Very similar, but not quite as absorbing, is the Troxel motor bike saddle on my 1918 Pierce, while possessing a lot of the same ride similarities, the front doesn't absorb as much of the ride as the 1940's version does.  While it is very close, the 40's saddle is slightly better at the ride.

On this model, the double spring at the attachment point, on the lower saddle frame affords more flex than the single lower spring frame model does on my late 20's version on the Westfield. (in the background)


----------



## Miq (Feb 22, 2020)

@piercer_99 That saddle on your wife's bike looks insanely springy.  It seems like it could move in a bunch of directions.  The design in 1912 that Troxel patented, like on your Troxels above, put both of the springs on the same rod and tied the middle of them to the seat frame. This limits the side to side movement of the saddle compared to your wife's saddle.  Thanks for pointing that out.

I bet riders like @tripple3 and @SKPC could comment on comfort and durability of a few of these designs too.


----------



## piercer_99 (Feb 22, 2020)

I also have a late 20's ladies Elgin Troxel long spring that is in excellent shape, I will get some photos of it.

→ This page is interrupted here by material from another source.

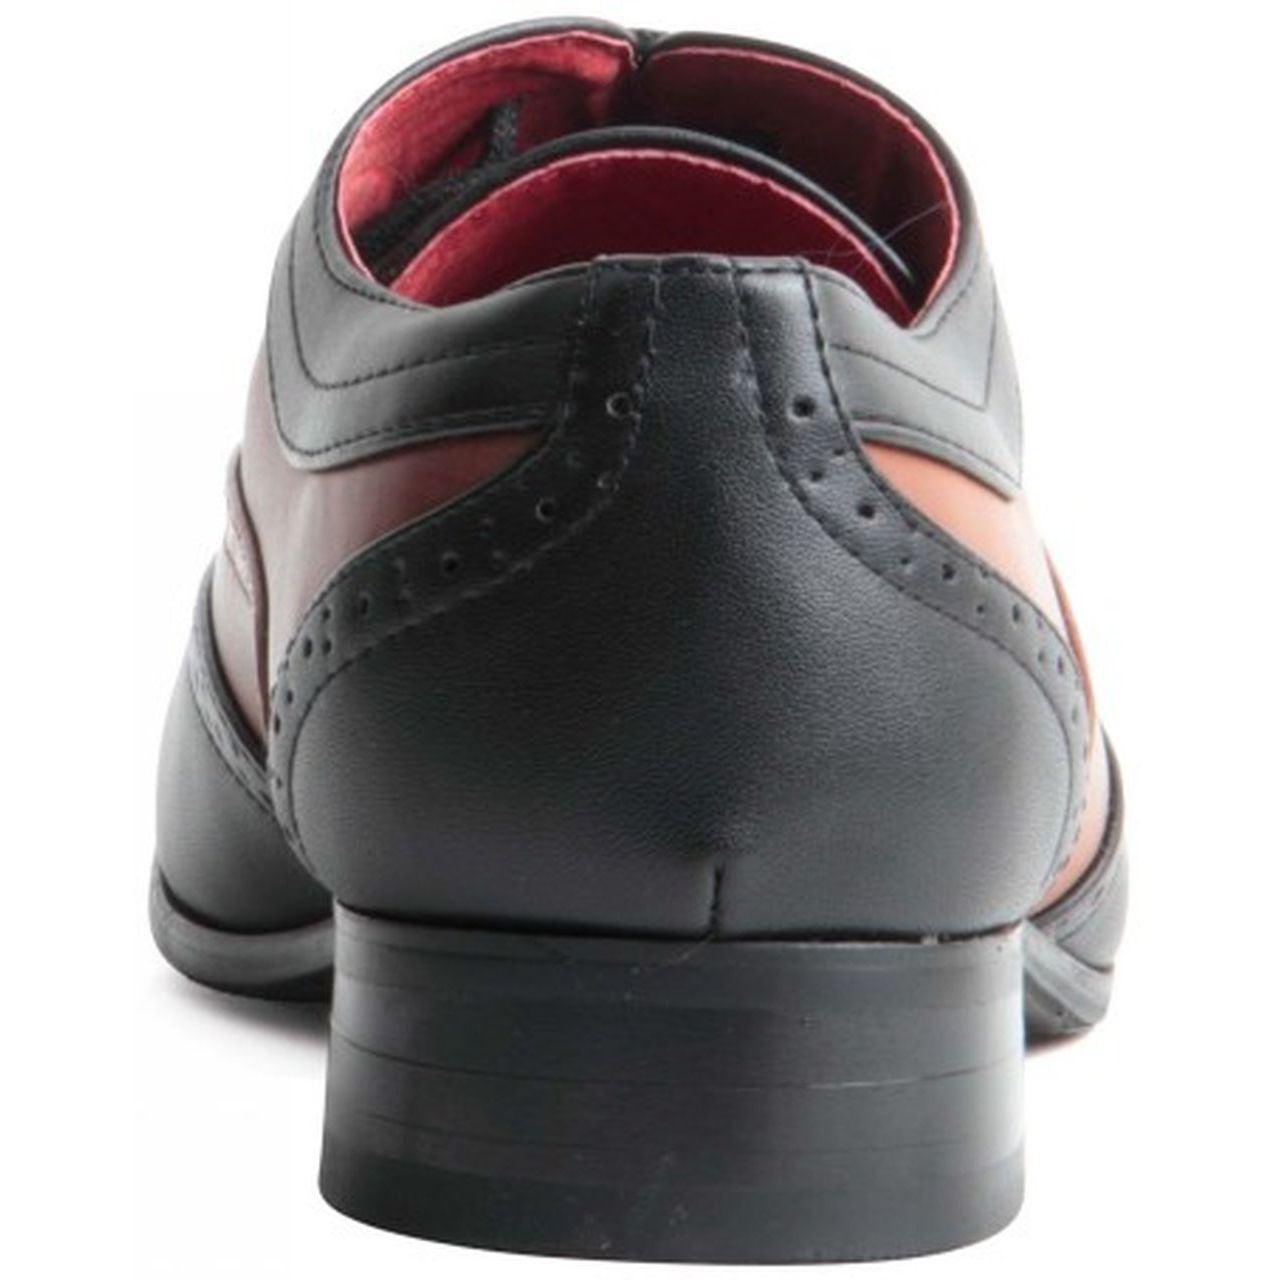 Eee Spectator Shoes Men S

It is for my 27 ladies Elgin.


----------



## piercer_99 (Feb 23, 2020)

Elgin branded Troxel,  late 1920's.


----------



## Miq (Feb 23, 2020)

@piercer_99 that saddle is in great shape!


----------



## SKPC (Feb 24, 2020)

Most excellent review of _bicycle saddle designs_ from the early 19th century into the 50's MIq!
This Persons below has a neat nose spring coil design with three different solutions to the rear design of the seat. I am sure heavy.
I like it though as it is very moto.  The Design in Fig 2. would have sported a total of 7 springs on the seat!

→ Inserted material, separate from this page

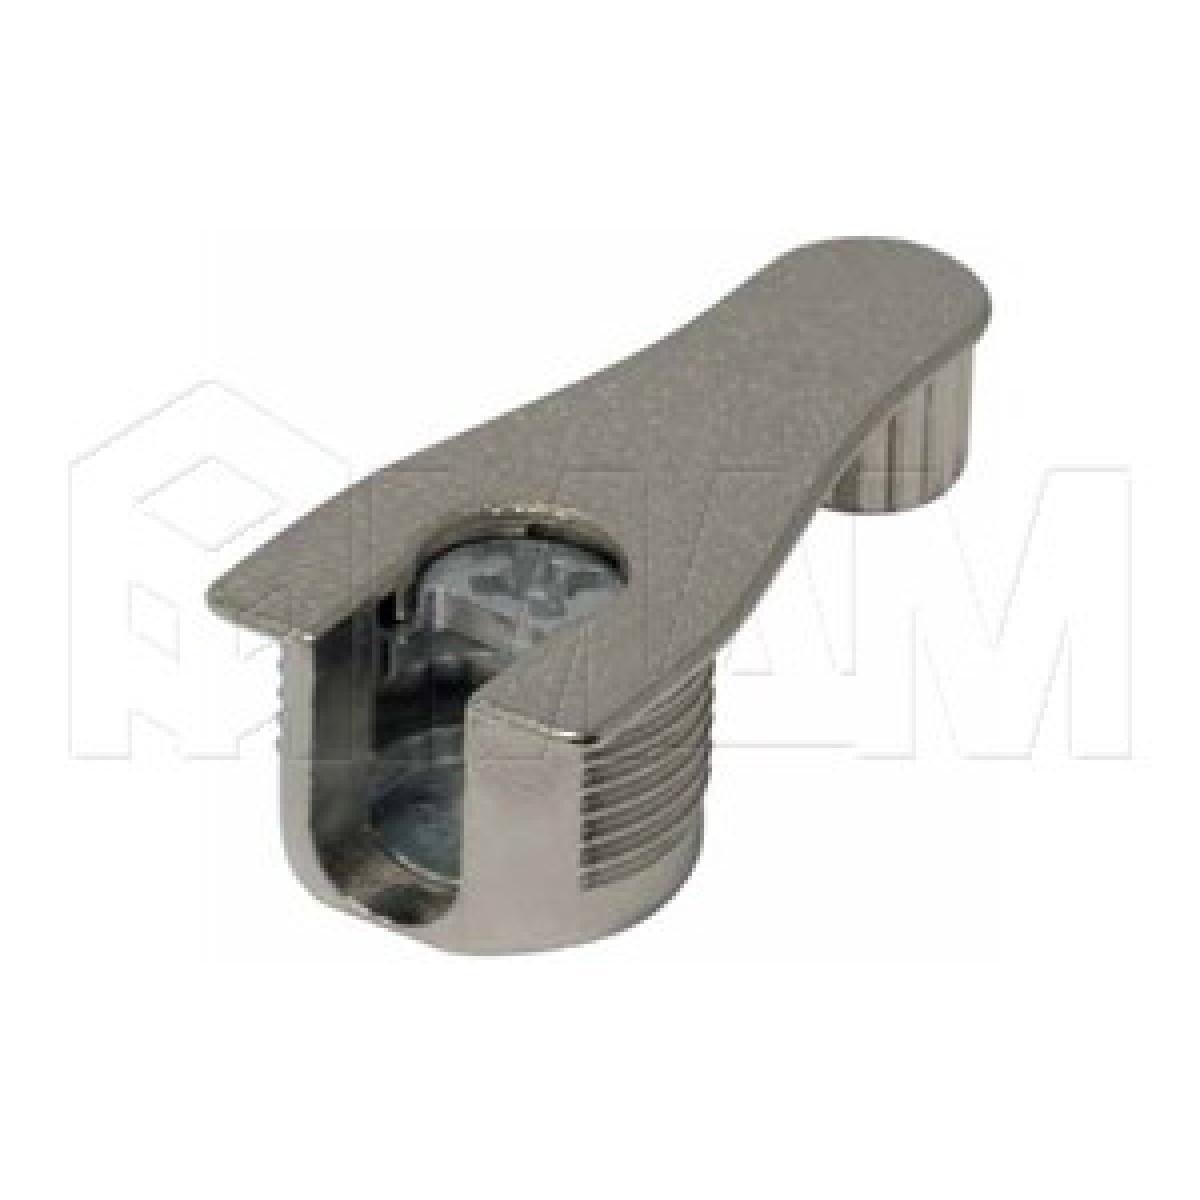 Эксцентрик усиленный в металлическом корпусе с дополнительной футоркой 16 мм, никель

And in terms of comfort, note these early 1900's minimalist saddles which were the precursors to the newest saddle designs you see today on modern machines. Garford seemed to have had it going on in terms of pan shape/design and anatomic considerations 1st. while losing considerable poundage at the same time.  The big triple-spring seats with wide, long pans and high weights were also very comfortable and really dominated during the teens/20's motobike era it seems and stuck around a long time during the 26" balloon era.


----------



## Mr. Monkeyarms (Feb 24, 2020)

Lots of good information in this thread. Thanks for the hard work @Miq !


----------



## rustNspokes (Feb 24, 2020)

Brooks basically nailed the leather racing saddle design from the start. There isn't really much difference from a 1890 brooks  b16 and something like the b17 that you can buy today.


----------



## Miq (Feb 24, 2020)

True enough @rustNspokes !  

Brooks site says John Boultbee Brooks' horse died and he bought a bike to ride instead.  The bike saddle was so painful that he vowed to make a more comfortable one.  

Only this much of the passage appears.